By Russ and Tiña De Maris
RV manufacturers are using “high tech” to a higher degree each day. But the average U.S.-based RV builder will have to hurry to catch up with a high tech plan coming out of Canada: Build an RV with a 3-D printer.
On Thursday, the public can watch what’s billed as North America’s largest 3-D printer as it sets to work on building a plastic, unibody travel trailer in Saskatoon. While the rig may not exactly be suited to fulltiming, when the printer squirts its last bit of plastic, the 12-foot-plus rig will scale in somewhere between 600 and 700 pounds – a real lightweight, complete with seats and walls.
Randy Janes is the brain behind the design, and his reason for “printing” a travel trailer comes from his experience in the RV industry. For a decade Janes sold and specialized in the RV lifestyle, and recognized one of the industry’s biggest product headaches: water leakage. Three years ago, Janes got involved with 3-D printing and says, “I thought, ‘If I can build a trailer using this process, I would eliminate a lot of issues.'” Those issues include joints, seams, screws and other fasteners, all of which provide a toe-hold for moisture intrusion, which can bring damage or outright ruin to an RV, left unchecked. Using 3-D printing technology, the “coach” portion of Janes’ travel trailer will be constructed as a single piece.

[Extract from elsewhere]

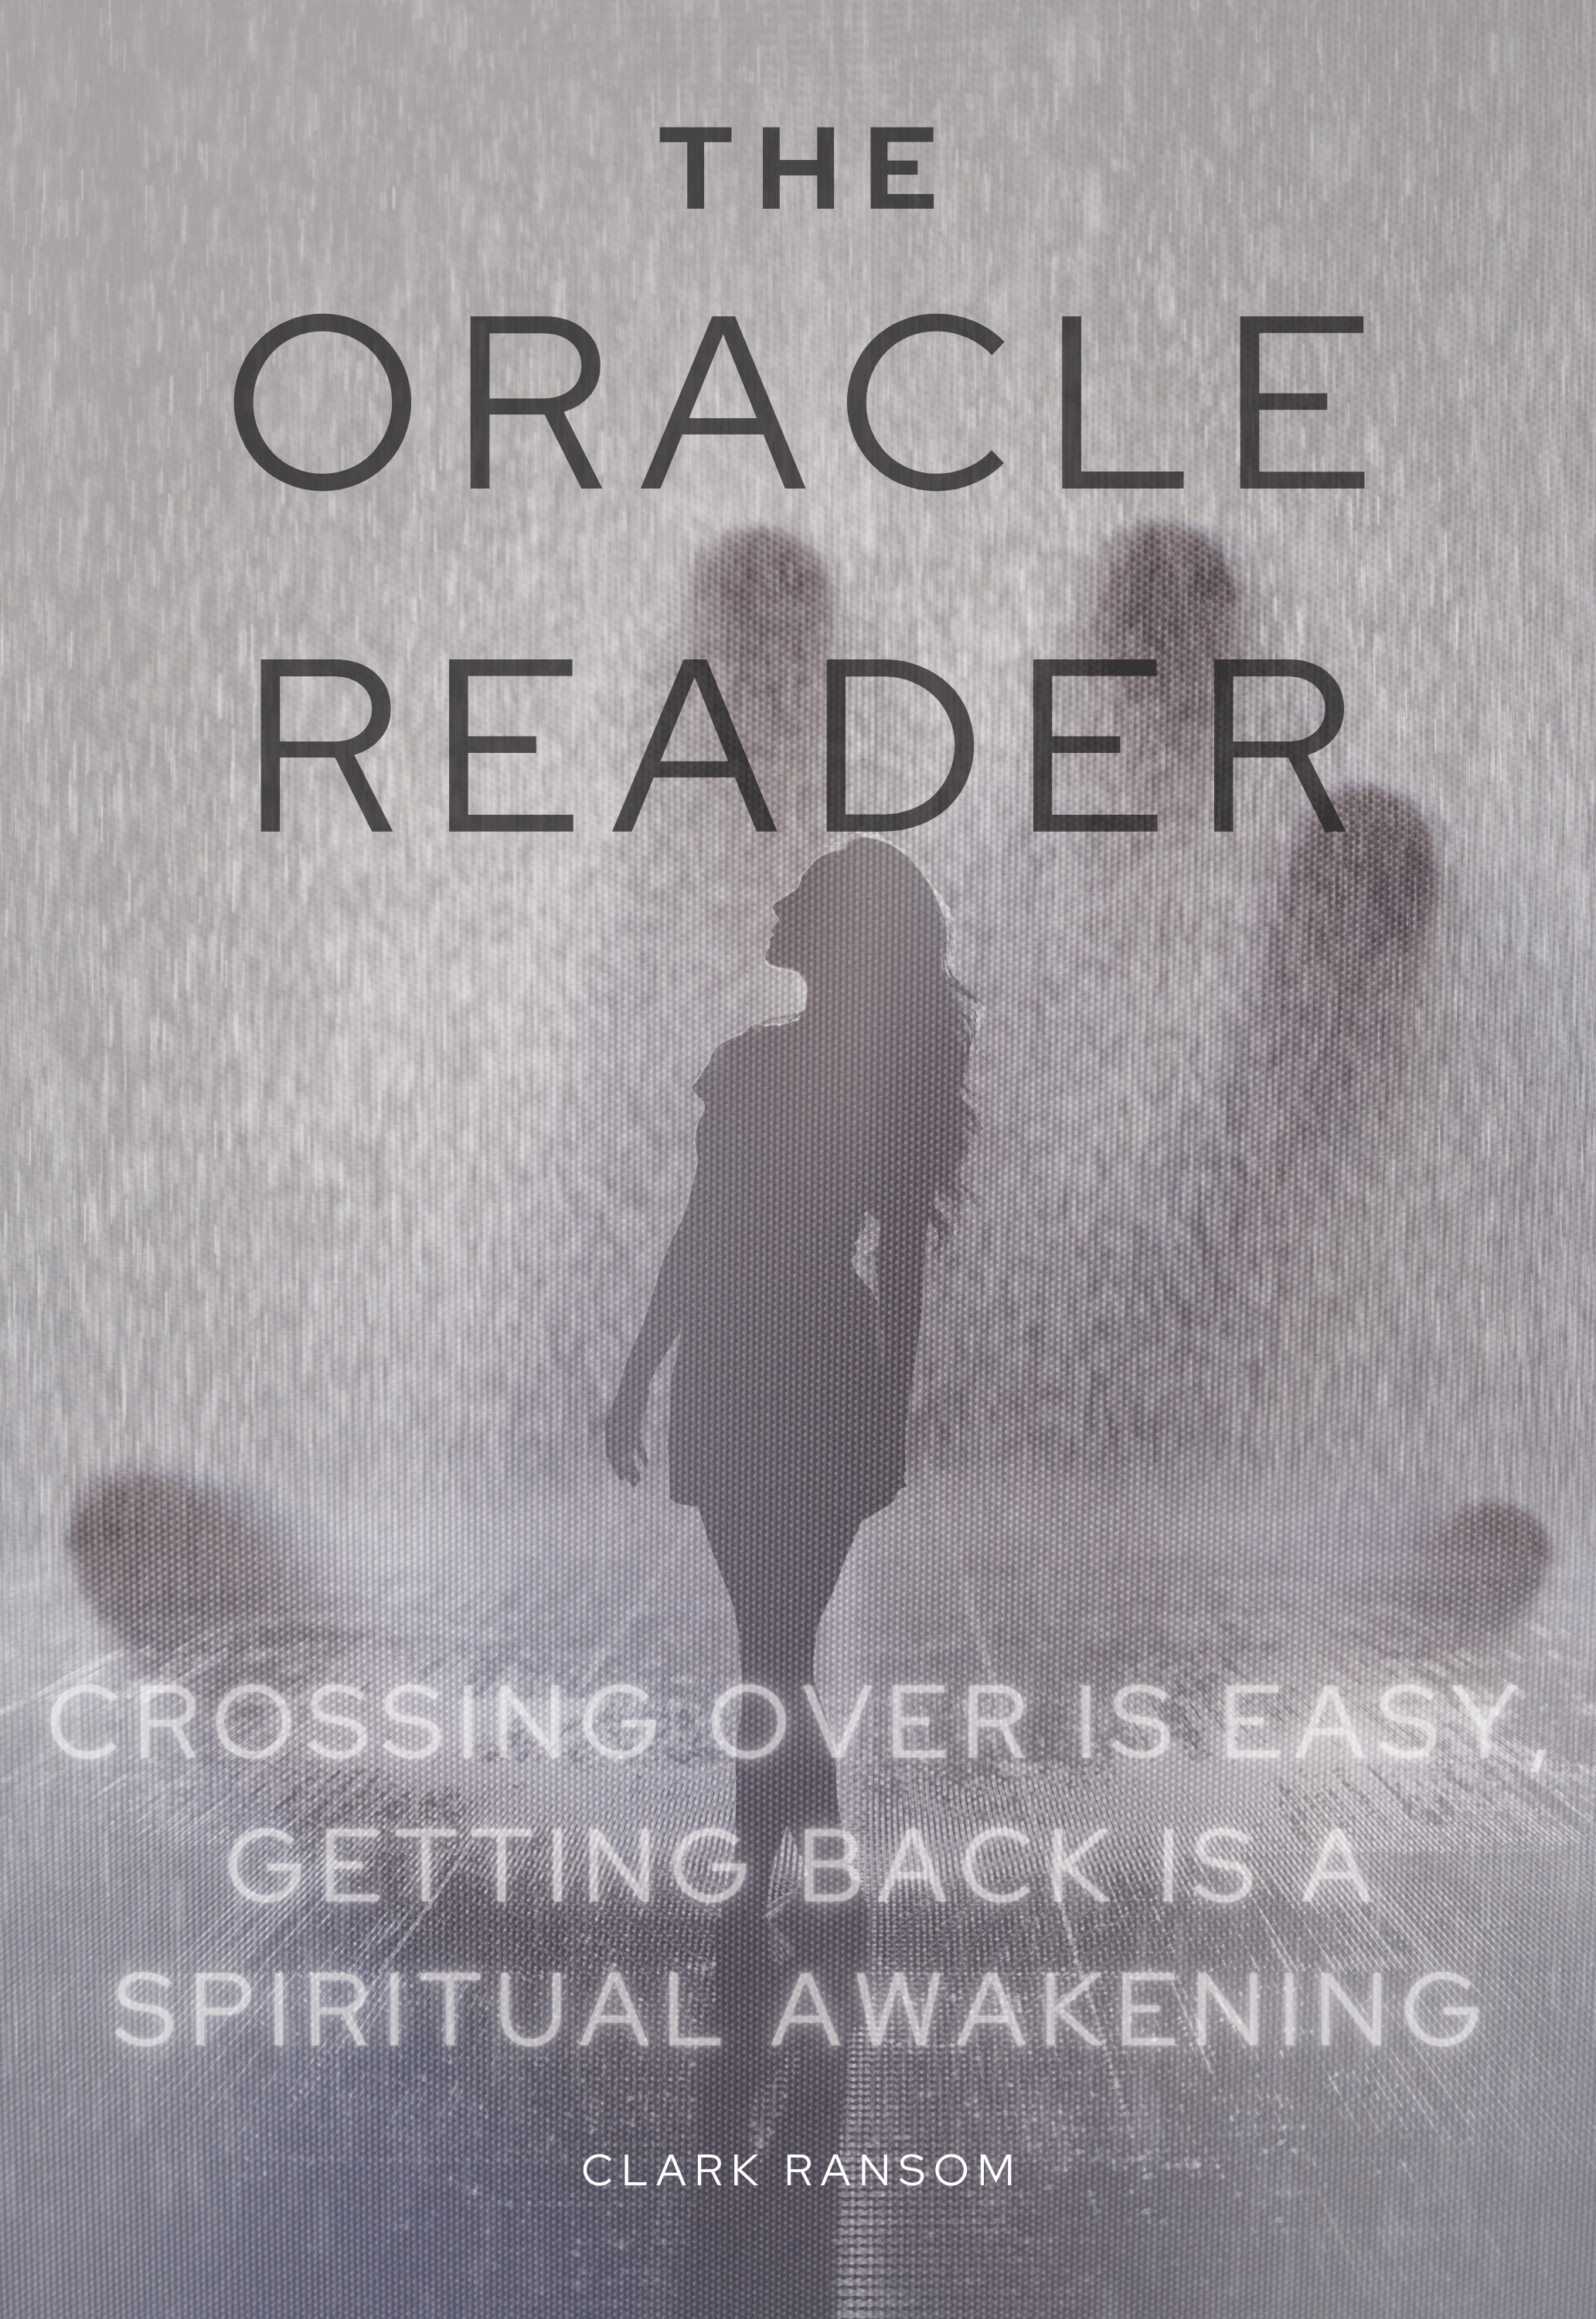 THE ORACLE READER

The material used in the process is PETG that has a life expectancy of 100 years. If the thought of the glut of dead RVs cluttering up the countryside concerns you, there’s a little good news here: PETG recycles like a plastic drink bottle. However, the material can be colored to your specifications.

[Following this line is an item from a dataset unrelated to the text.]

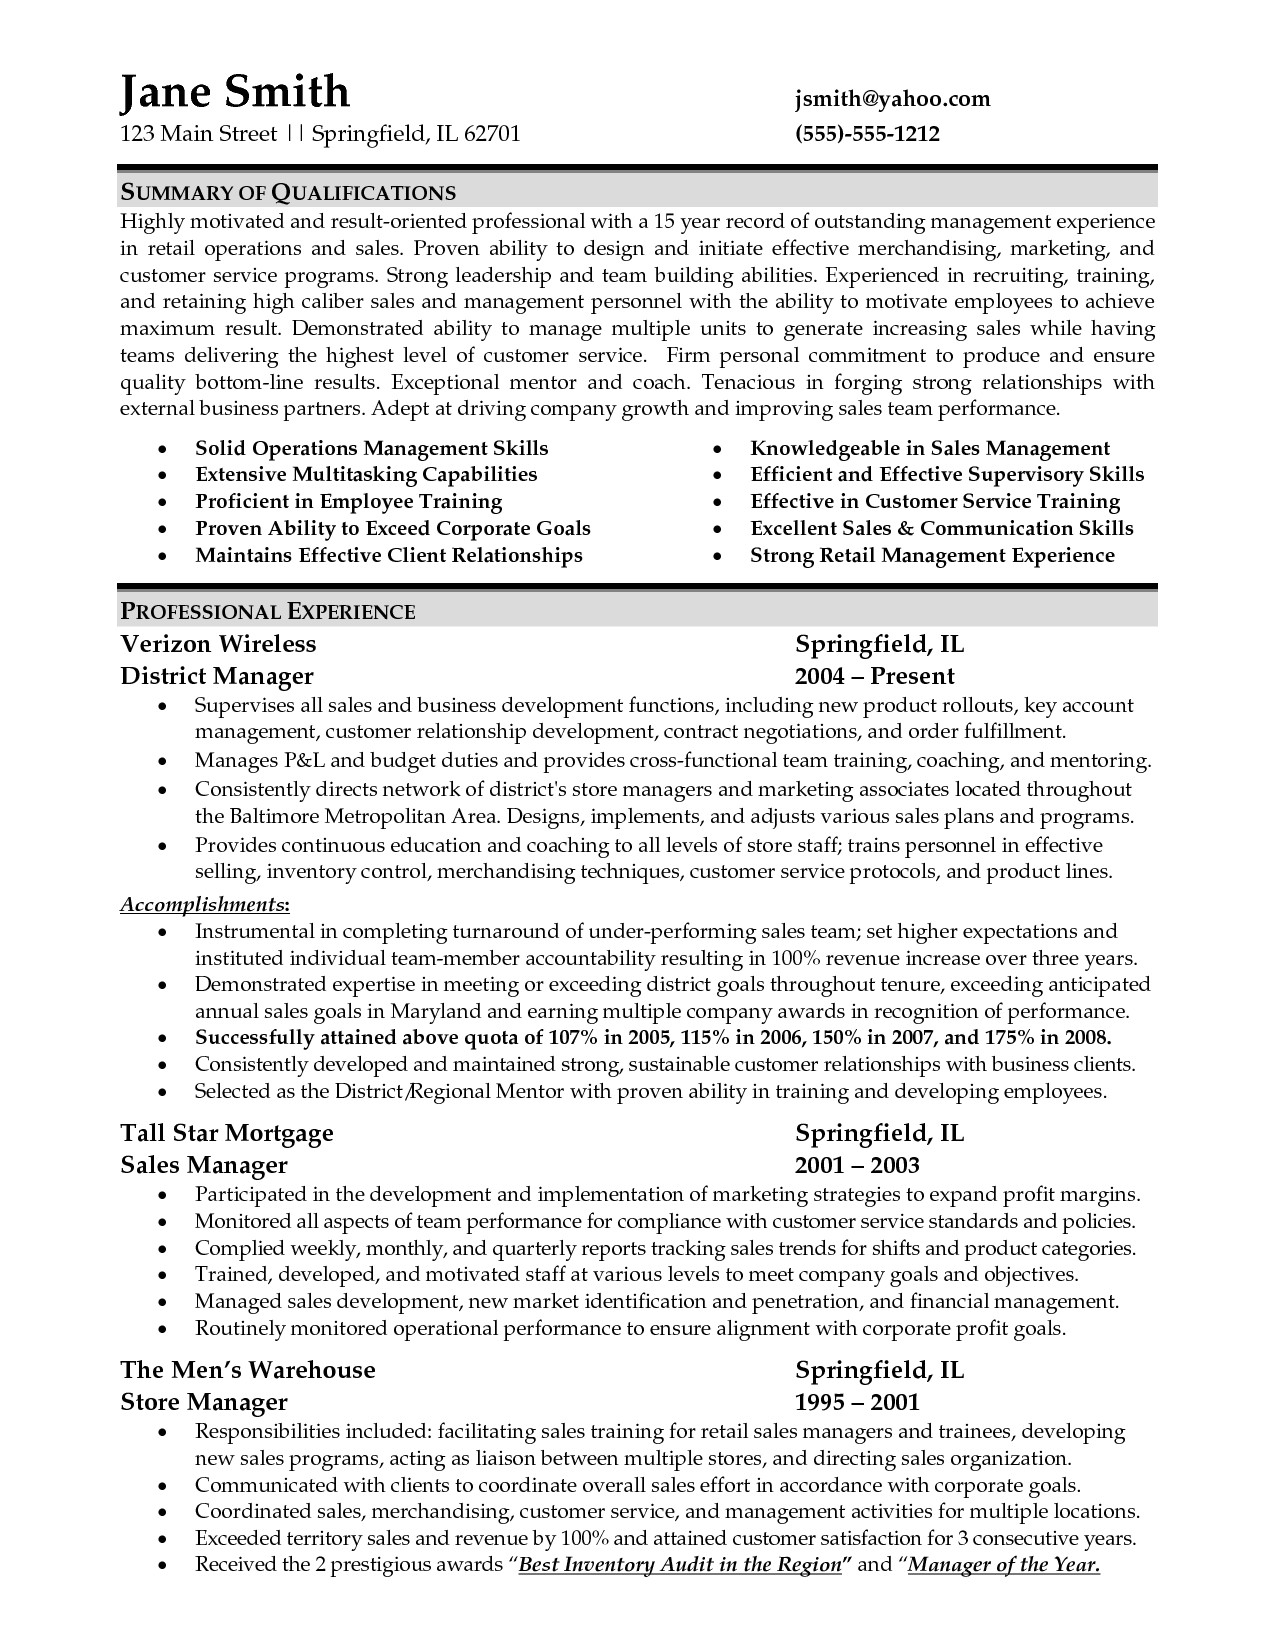 retail assistant manager resume objective examples

When the command to “print” is issued, the massive, 28′ by 5′ by 7′ ErectorBot printer will take ten days to churn out the record-breaking trailer. Record breaking? Randy points out the present world record 3-D printer construct is a mere 80 cubic feet. The new travel trailer will represent a 500-cubic-foot product. When the trailer is done, it will be equipped with some non-printable pieces: a furnace and stove, for starters.
Can’t make the trip to Randy’s “Create Café” in Saskatoon? Randy’s outfit will live-stream the project at noon (Central time) each day, with an opportunity for viewers to ask questions. You can “tune in” on the company’s Facebook page.
If the prototype works, Randy hopes to go big – starting up a factory that will “print” customers travel trailers. The first rigs, the company says, will move out for $25,000.